Tuesday, August 14, 2007, #154 (1421)

Pointed words exchanged as international probe commences

By Eter Tsotniashvili


Russian deputy Prime Minister Sergey Ivanov
says missile incident a Georgian-staged "show"

Georgian officials branded remarks from a top Russian official on the Tsitelubani missile incident "immoral" in a sharp rebuke yesterday, while announcing that foreign experts would soon present their version of what happened on August 6.

Russian deputy Prime Minister Sergey Ivanov, viewed as close to Russian President Vladimir Putin, suggested the missile incident was a "theatrical show" poorly staged by Georgian authorities in order to scupper the Joint Control Commission (JCC) format for discussing South Ossetian conflict resolution issues.

He pointed out that the police cordon around the missile site only had a radius of two or three meters.

"If a real bomb or rocket with an unexploded warhead was really there, the police should have sealed the area with a minimum radius of 500-800 meters," Ivanov, a former defense minister, said.

He added that Tbilisi was successful in its supposed objective.

"It has, however, achieved its goal. It has thwarted JCC. This was the intended result," he stated.

The JCC is a quadripartite commission that brings together the Georgian, South Ossetian, Russian and North Ossetian sides to discuss the South Ossetian conflict. Tbilisi is uneasy with the arrangement, where they say the other three sides work in tandem against Georgia, and calls for an internationalization of the talks.

A planned August 9-10 session in Tbilisi appeared unlikely to go ahead even before the Tsitelubani missile incident, when South Ossetian representatives said on August 3 they wouldn't go to the Georgian capital because of security concerns.

Kote Gabashvili, head of the Foreign Affairs Committee in parliament, described Ivanov's suggested version of events as "immoral" while speaking to Rustavi 2 on August 13.

State Minister for Conflict Resolution Davit Bakradze was even more acute in his response.

"Unlike its neighboring country, Georgian authorities do not plant bombs in apartment buildings," he said

Bakradze was apparently referencing 1999 apartment bombings in Moscow and Volgodonsk that left nearly 300 Russians dead. Moscow authorities blamed Chechen militants for the attack; others claim the bombings were masterminded by Russian security services as a pretext for a second war in Chechnya.

De facto leader of South Ossetia Eduard Kokoity, however, propounded the Russia official's allegations of a Georgian hoax.
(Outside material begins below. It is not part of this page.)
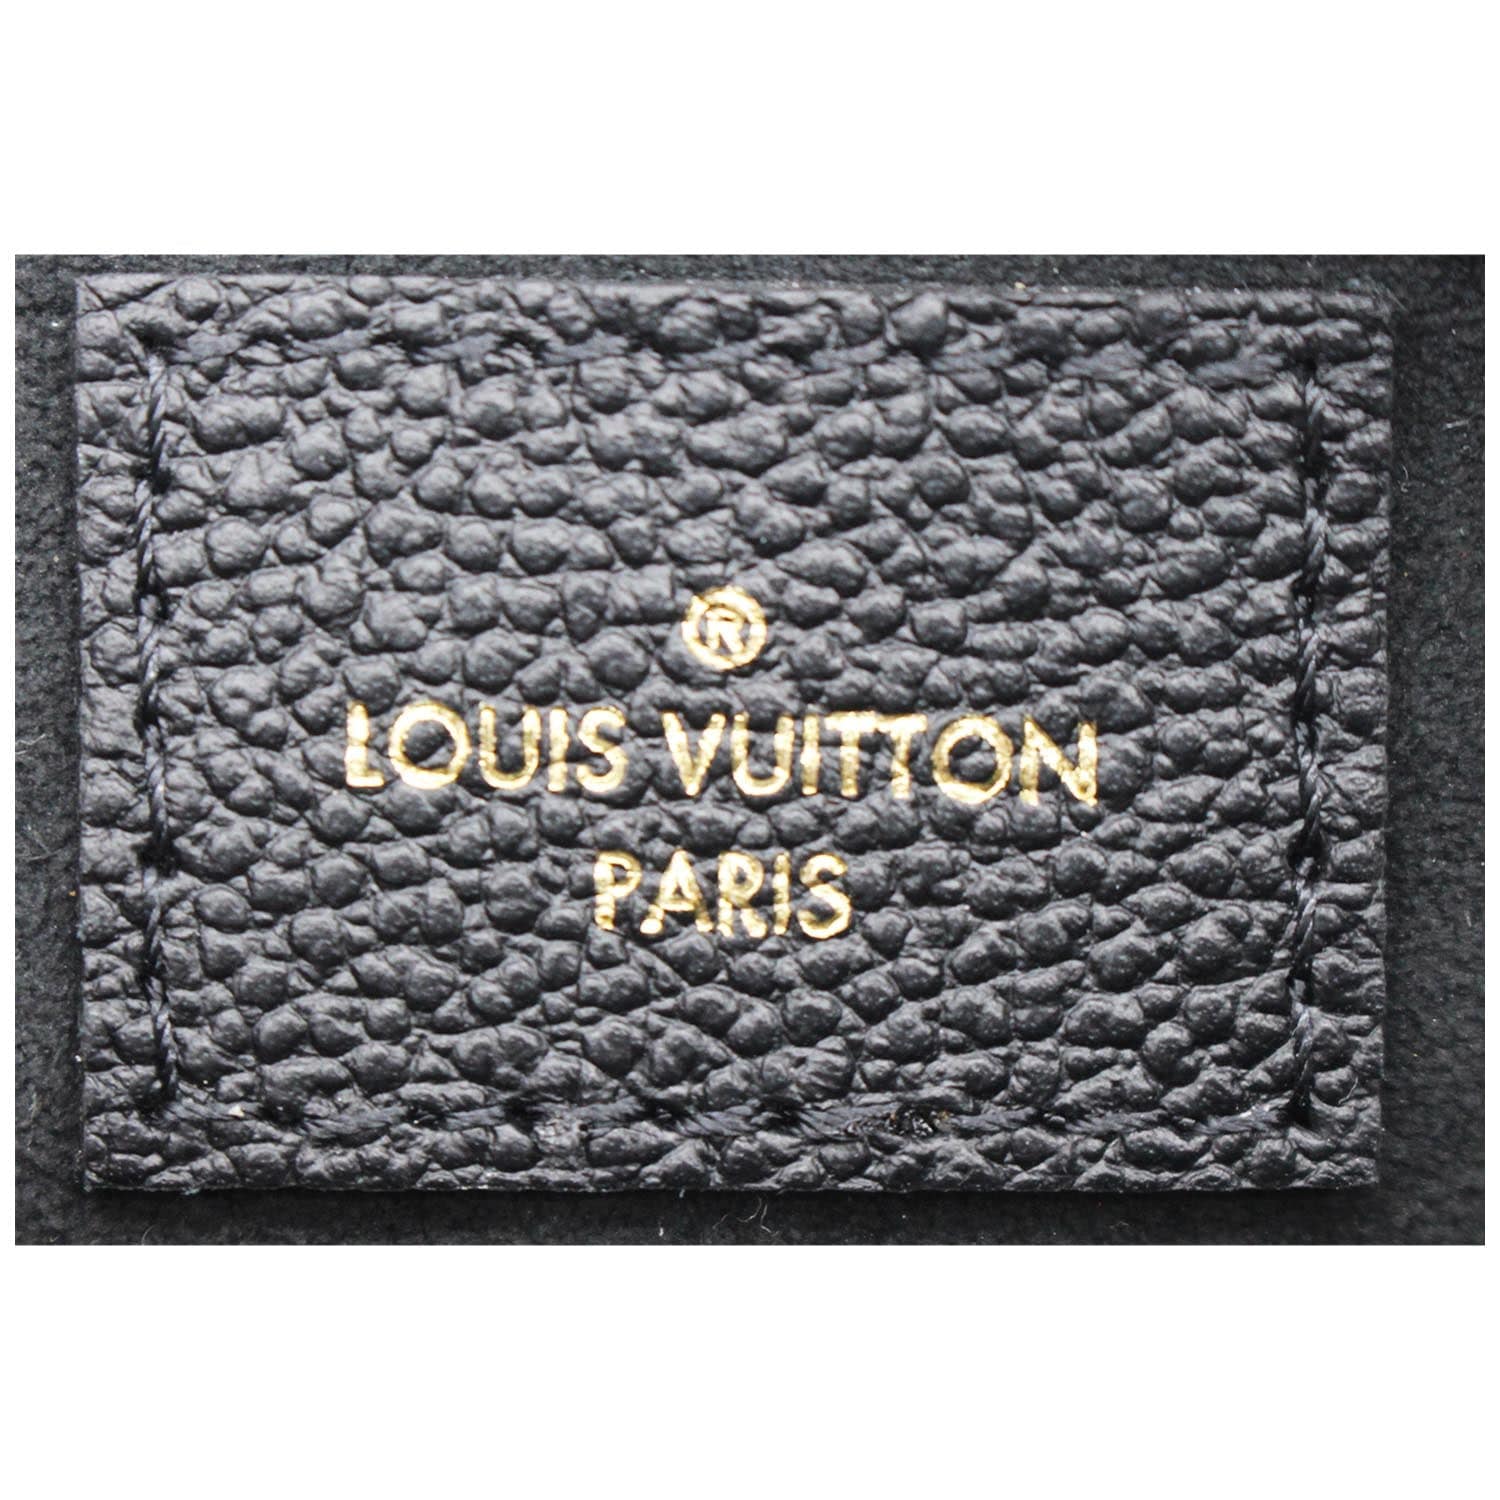 Louis Vuitton, Accessories, Louis Vuitton Paris Wallet

"The bombing shows that Saakashvili does not think about the expected results. They [the Georgian government] make provocations against the Georgian people in order to blame Russia and South Ossetia," Kokoity declared to Imedi TV.

Georgian radar records-viewed by a joint monitoring team of peacekeepers and OSCE observers-show aircraft violating Georgian territory from the north, entering above the town formerly called Kazbegi near the Russian border.


Georgia claims the intruders were two Russian Su-24 attack planes, one of which dropped a Raduga Kh-58 guided missile. The missile, which did not explode, hit an area near the village of Tsitelubani in the Gori district, near breakaway South Ossetia.

Meanwhile, the Ministry of Internal Affairs announced on August 13 that experts from Lithuania, Latvia and the United States have arrived in Georgia to investigate the incident.

"The group of experts has already inspected the incident site and they have been shown air traffic records," confirmed Shota Utiashvili, an Interior Ministry spokesman.